Газета «Новое Время» 15 февраля 1929 г., № 2336, Белград.

        Известно, какого превратного мнения о нас иностранцы вообще. Они не только не способны понять русского человека, но и очень мало осведомлены как о России, так и внутреннем складе русской жизни и ее особенностях, не говоря уже об отсутствии в них любознательности к ней и симпатии ко всему русскому. «Les Barbares» – вот кличка, определявшая обычно русскую нацию.
        Поразительно то, что эти «варвары», в противоположность иностранцам, глубоко изучали этих последних и всесторонне знакомились с их странами, их географией и историей, так что, мне кажется, трудно найти более образованных в этом отношении людей интеллигентного класса, чем русские. Русские имеют правильное понятие о жизни других государств, в то время как сами они являются еще для всех загадкой, а понятия иностранцев о русской земле недалеко ушли от «развесистой клюквы» и «шатающегося по Невскому проспекту медведя».

        Лишь в последнее время, благодаря великому рассеянию русских людей по всему свету, иностранцы имели случай ближе ознакомиться через них с тем, что была Россия, и оценить русского человека как такового. И только теперь начинают проявляться со стороны иностранцев если не симпатии, то, во всяком случае, проблески отдания должного этой крупной человеческой личности, которая именуется «Русским».
        Они нам удивляются, почти преклоняются перед стойкостью и мужеством в изгнании «этих выброшенных за борт людей», а главное, невольно любуются ярким проявлением наших талантов. Действительно, русское искусство во всех областях завоевало себе право первенства на мировых сценах. Об этом даже нет надобности распространяться, так это всем очевидно. «Русские прирожденные романисты, - пишет один французский автор, - так как они обладают в большей мере интуицией и чувствительностью; они и врожденные поэты, музыканты и артисты; безудержная страсть их выливается в музыке и разнообразных песнях». Но французы отметили еще одну выдающуюся сторону русской души – это ее глубоко укоренившуюся религиозность, ее уменье воздавать хвалу Богу дивными церковными песнопениями, ее привязанность к своей родной православной церкви, как бы забита и убога она ни была.

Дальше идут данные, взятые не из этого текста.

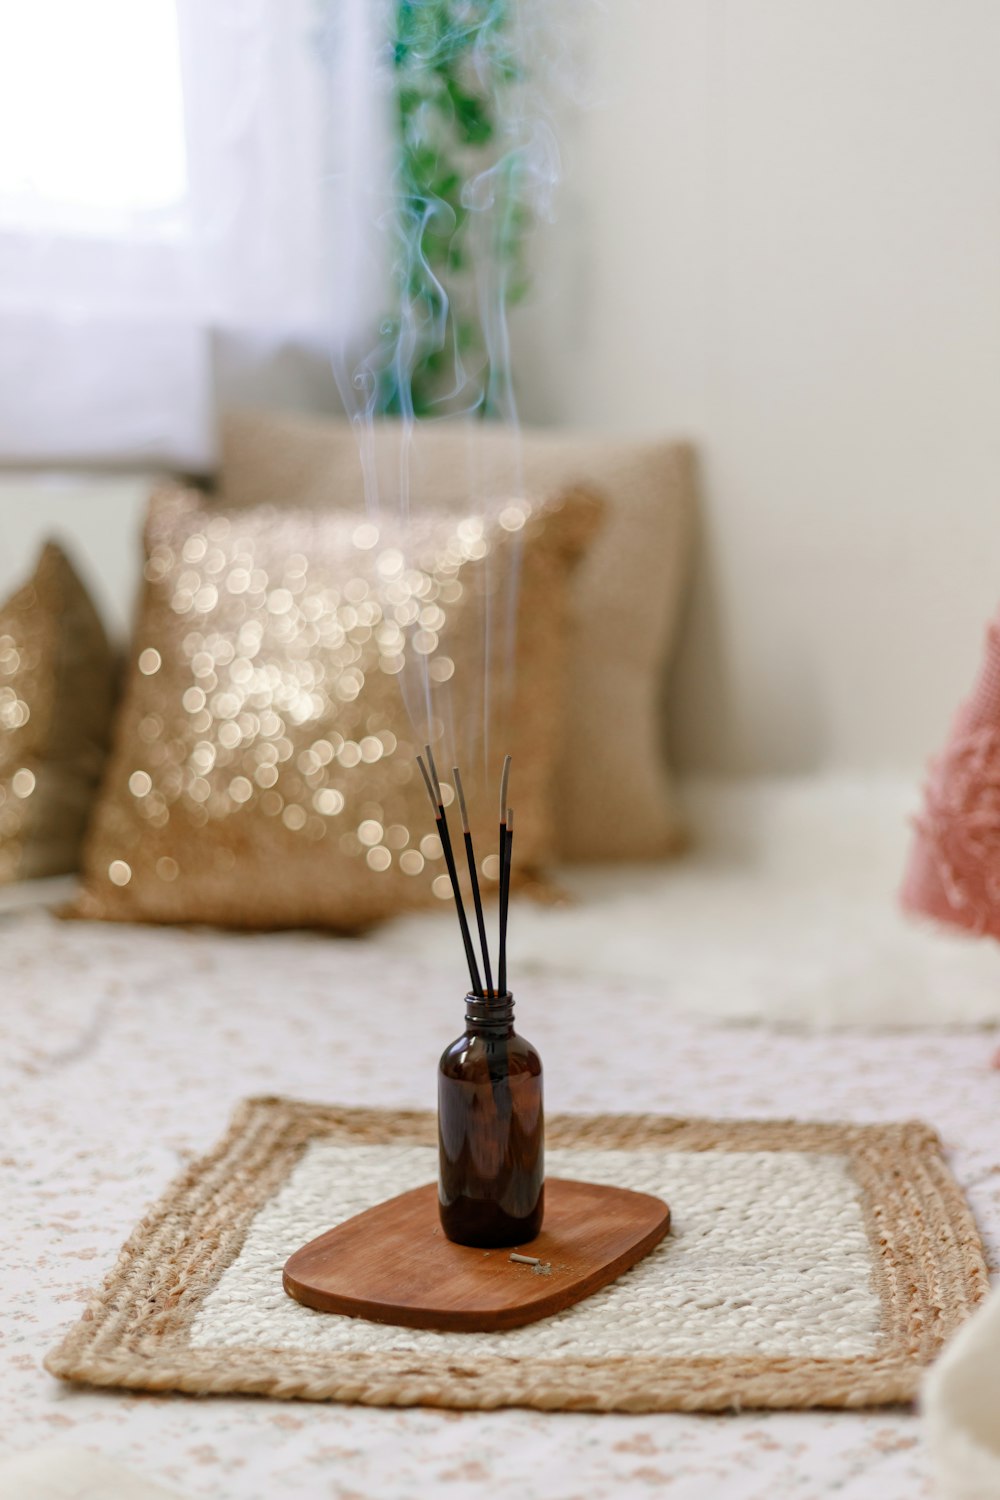 茶色の木製のテーブルに茶色のガラス瓶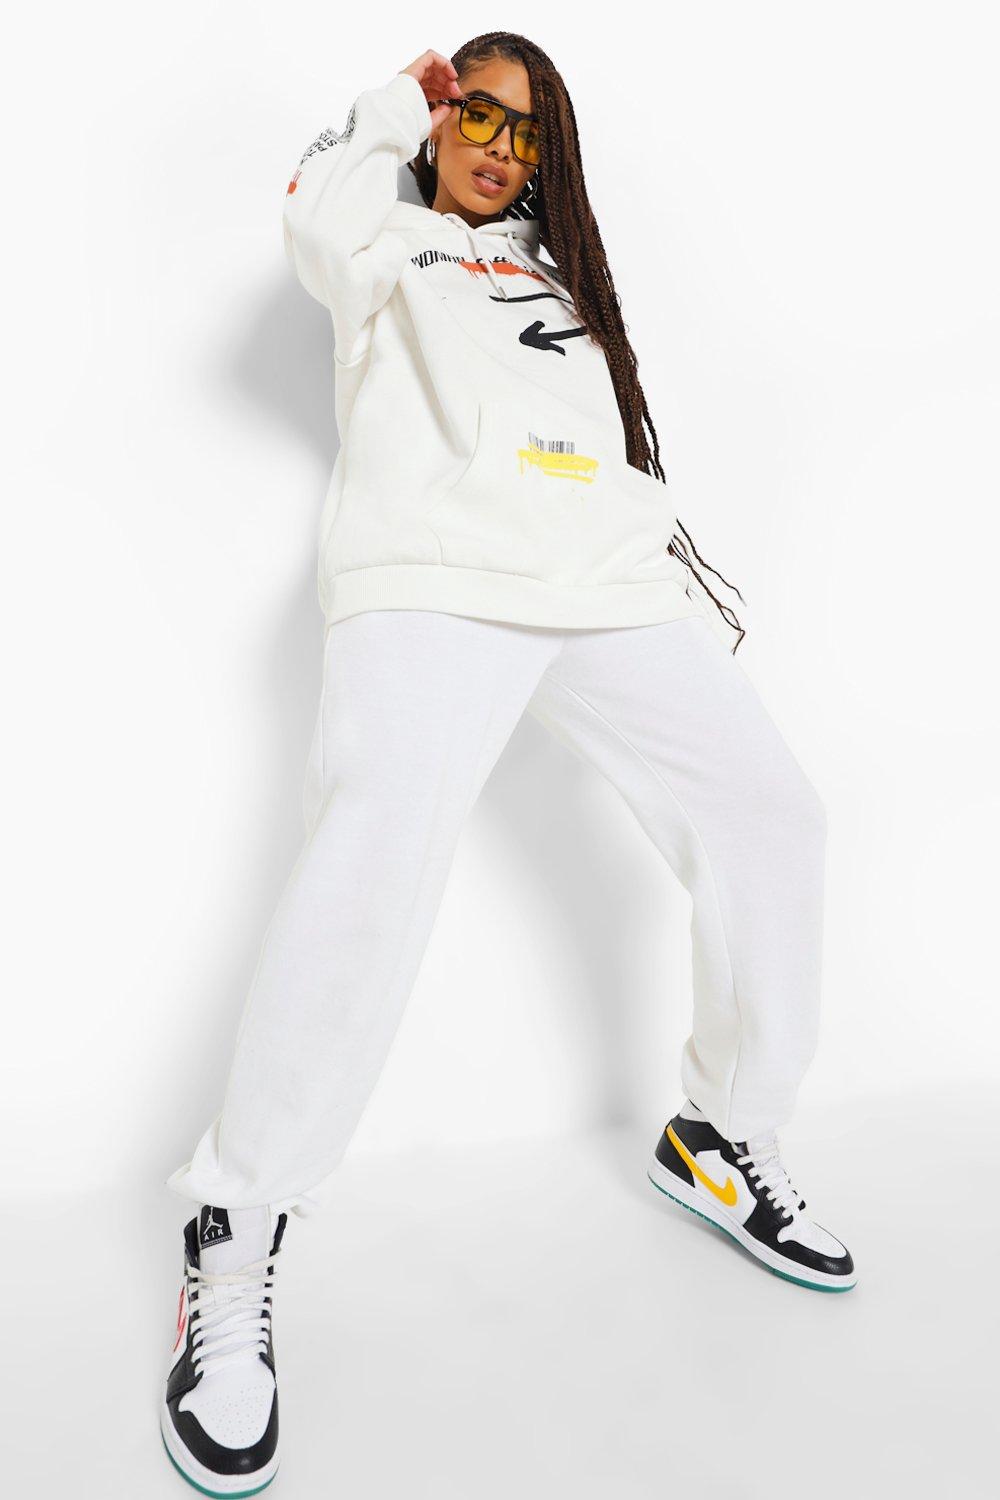 Diamondz Original Clothing Ghetto Gov't Officialz Women's Hoodie White / XXL

        Еще в эпоху 1812 года Наполеон поражался набожности русских в этот век общего безверия и нигилизма. Интересно привести из воспоминаний M-me de Stael, «Dixannées d’Exil», следующий маленький диалог великого Императора, в присутствии генерал-адъютанта Балашева, с одним из французских генералов, бывших в Москве, о том, что представляет собой этот город. Генерал заметил, что Москва показалась ему скорей большой деревней, чем столицей.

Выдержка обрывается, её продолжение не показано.